Po pół roku Ministerstwo Finansów naprawiło niefortunną regulację. 19 lipca 2018 r. weszła w życie nowelizacja (dotycząca dochodów uzyskanych od 1 stycznia 2018 r.), która przywróciła możliwość rozliczania w kosztach odziedziczonego (a także darowanego przy spełnieniu dodatkowych warunków) majątku.
Spadkobiercy muszą wszystko zaplanować
– Opisana interpretacja pokazuje jednak, że firmom rodzinnym nadal niełatwo o podatkowe korzyści – mówi Michał Wilk. Dodaje, że w tej sprawie korzystniej byłoby, gdyby dzieci sprzedały swoją część majątku matce. Wtedy mogłaby go amortyzować.
„Inne rozwiązanie podpowiada Gerard Dźwigała. – Dzieci mogły nie przyjmować spadku, wtedy całe przedsiębiorstwo dziedziczy bezpośrednio małżonka zmarłego i może rozliczać je w kosztach – tłumaczy. Dodaje, że w takiej sytuacji trzeba zwrócić uwagę na przepisy prawa spadkowego, bo może okazać się, że dziedziczą też np. rodzice zmarłego”.

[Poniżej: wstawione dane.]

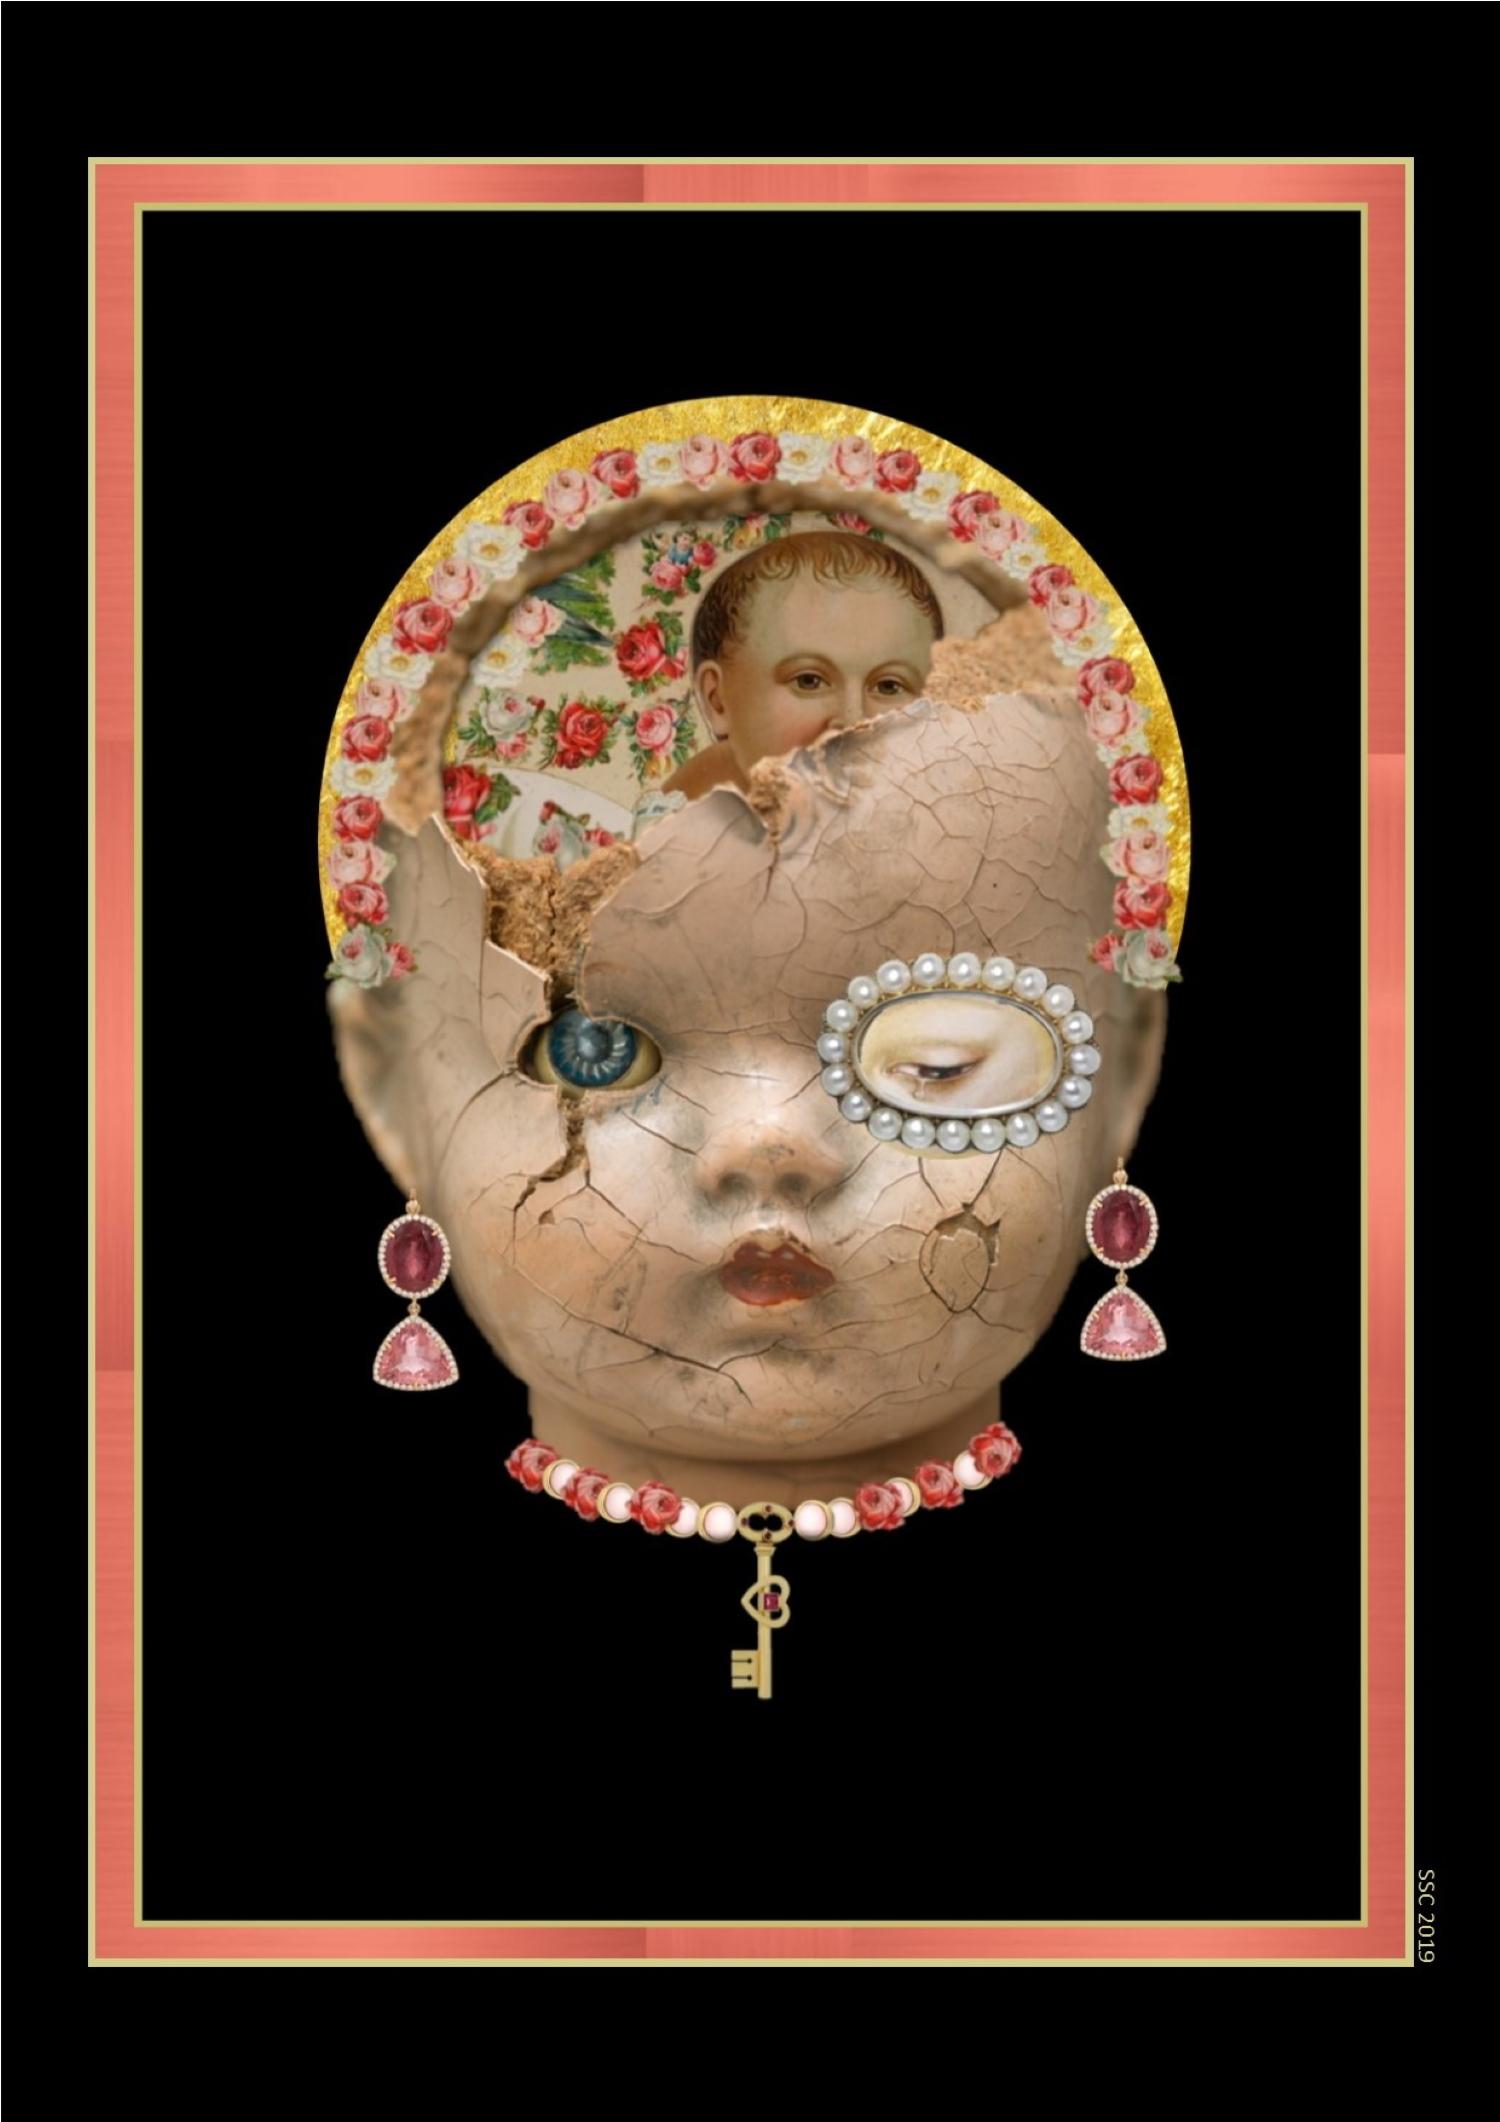 Dollface, (c) Sasha Saben Callaghan 2019.

– Jak widać, mimo korzystnej zmiany przepisów firmy rodzinne muszą bardzo uważać na podatkowe konsekwencje sukcesji. Nawet dokonywanej wskutek śmierci przedsiębiorcy, gdy nie można przecież nikomu zarzucić chęci podatkowej optymalizacji – podsumowuje Michał Wilk.
Opinia dla „rzeczpospolitej"
prof. Maciej Stradomski doradca podatkowy, przewodniczący Rady Programowej Instytutu Biznesu Rodzinnego
Cel ubiegłorocznej nowelizacji ustawy o PIT, naprawiającej wcześniejsze błędy legislacyjne dotyczące spadków i darowizn, był jasny: zwiększyć prawdopodobieństwo udanej sukcesji małych i średnich firm rodzinnych, zwłaszcza tych prowadzonych w formie jednoosobowej działalności gospodarczej. Miała też ona zmniejszyć ryzyko i obciążenia związane z przejęciem działalności gospodarczej przez sukcesorów. Niestety, opisana sprawa pokazuje, że aparat skarbowy bardzo dosłownie i niekorzystnie dla przedsiębiorców interpretuje nowe przepisy. To niebezpieczna tendencja. O ile przy darowiznach (czyli czynnościach dokonywanych za życia prowadzących działalność gospodarczą) czujność urzędów skarbowych może być uzasadniona, o tyle rygorystyczne podejście do spadków jest wątpliwe. Trudno bowiem wyobrazić sobie optymalizację podatkową z wykorzystaniem procedury spadkowej.